U N H I N D E R E D

What does it mean to be unhindered? To define this word, first we must define what it means to be hindered. To hinder : to create difficulties for someone or something, resulting in delay or obstruction. So to be UNhindered would be the opposite of that. It would mean to be free or to be unrestrained or not held back.

When I think of someone being hindered, I imagine them in a maze trying to get to a desired destination and at every turn they are met with a wall, a blockade. It doesn’t matter which way they turn they are stuck.

Have you ever been stuck?

You can’t turn back. You can’t move to the left or to the right without something breaking or something being pulled out of place. Forward isn’t an option. So you just sit. You wait. Stuck. As you wait you sink deeper and deeper into apathy as hope is lost for movement and progress.

This is where I found myself about a year ago : Stuck. I knew that movement was on the horizon, but there wasn’t anything I could do to move the starting date up. I was stuck. I was suffocating.

Over the last couple of months I have felt the bars of hindrance slowly lower. Each day God is taking down the walls that are keeping me from running free toward the destination, not that I have for myself, but the one that God has planned for me.

I have run into a few walls over the last month that, in the past, I have tried to break down myself, and now I find myself tripping over the ruins. Yes, the wall might be gone, but I’m left to climb over the pile of bricks left behind. Having taken it upon myself to take the wall down, I left it undone. Incomplete. Not only did I leave it undone but I buried the light of God under the rubble.
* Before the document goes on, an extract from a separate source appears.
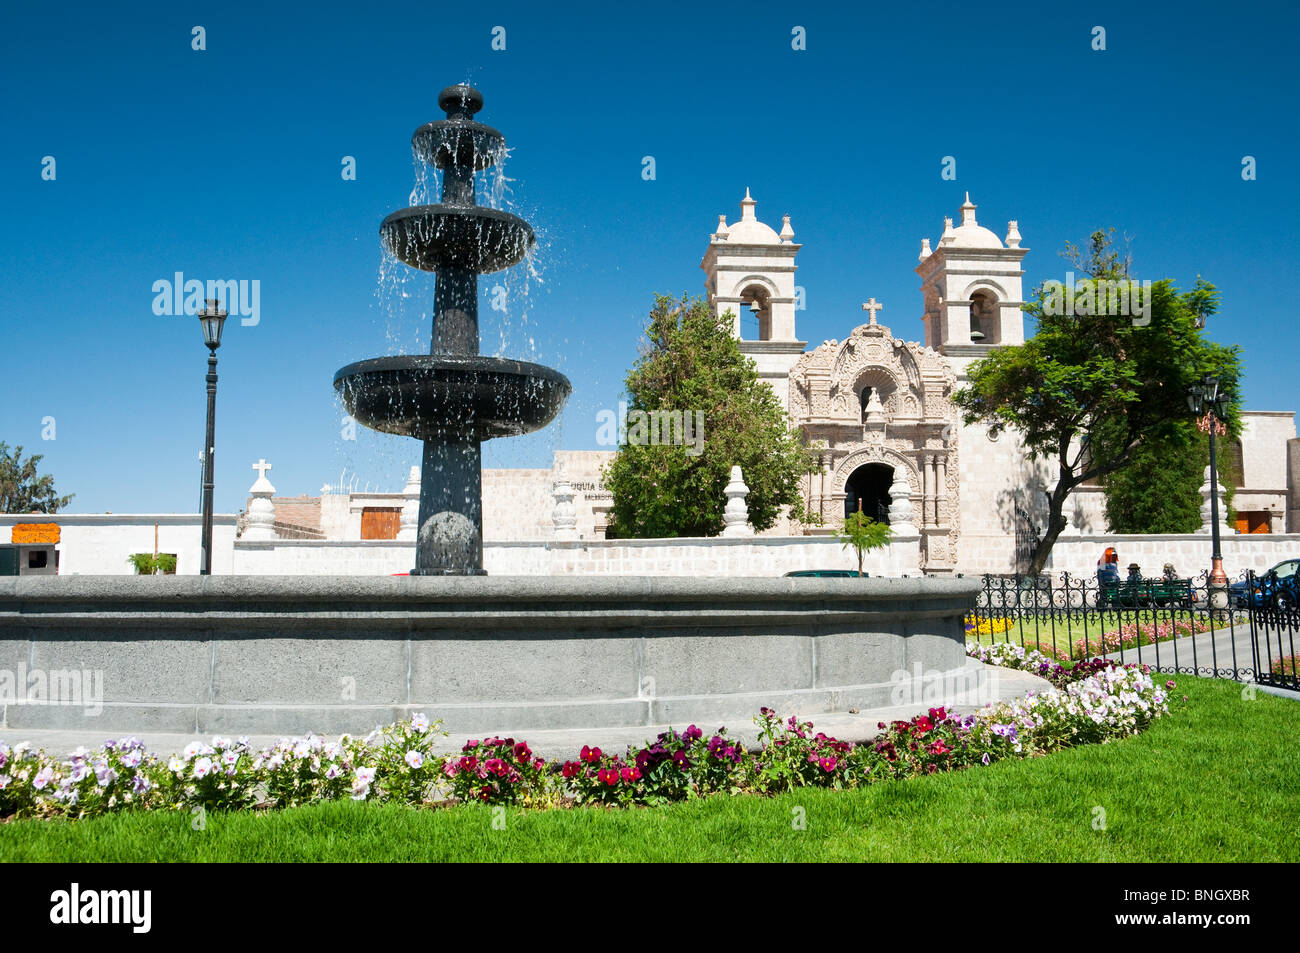 Exterior of the Cayma Church building in Arequipa, Peru. Stock Photo

The more walls I, myself, broke down, the darker things became.

To be UNhindered.

What does this mean for me?

So, Right now it means letting God’s light glow from under the rubble of the walls. It means digging through the sharp, dirty bricks in order to find the God’s warm, inviting, healing, restoring light.

I hope to one day be a beacon of light in the darkest corners. I can’t be a beacon of light if the light in me is being snuffed out by each new wall I take down on my own.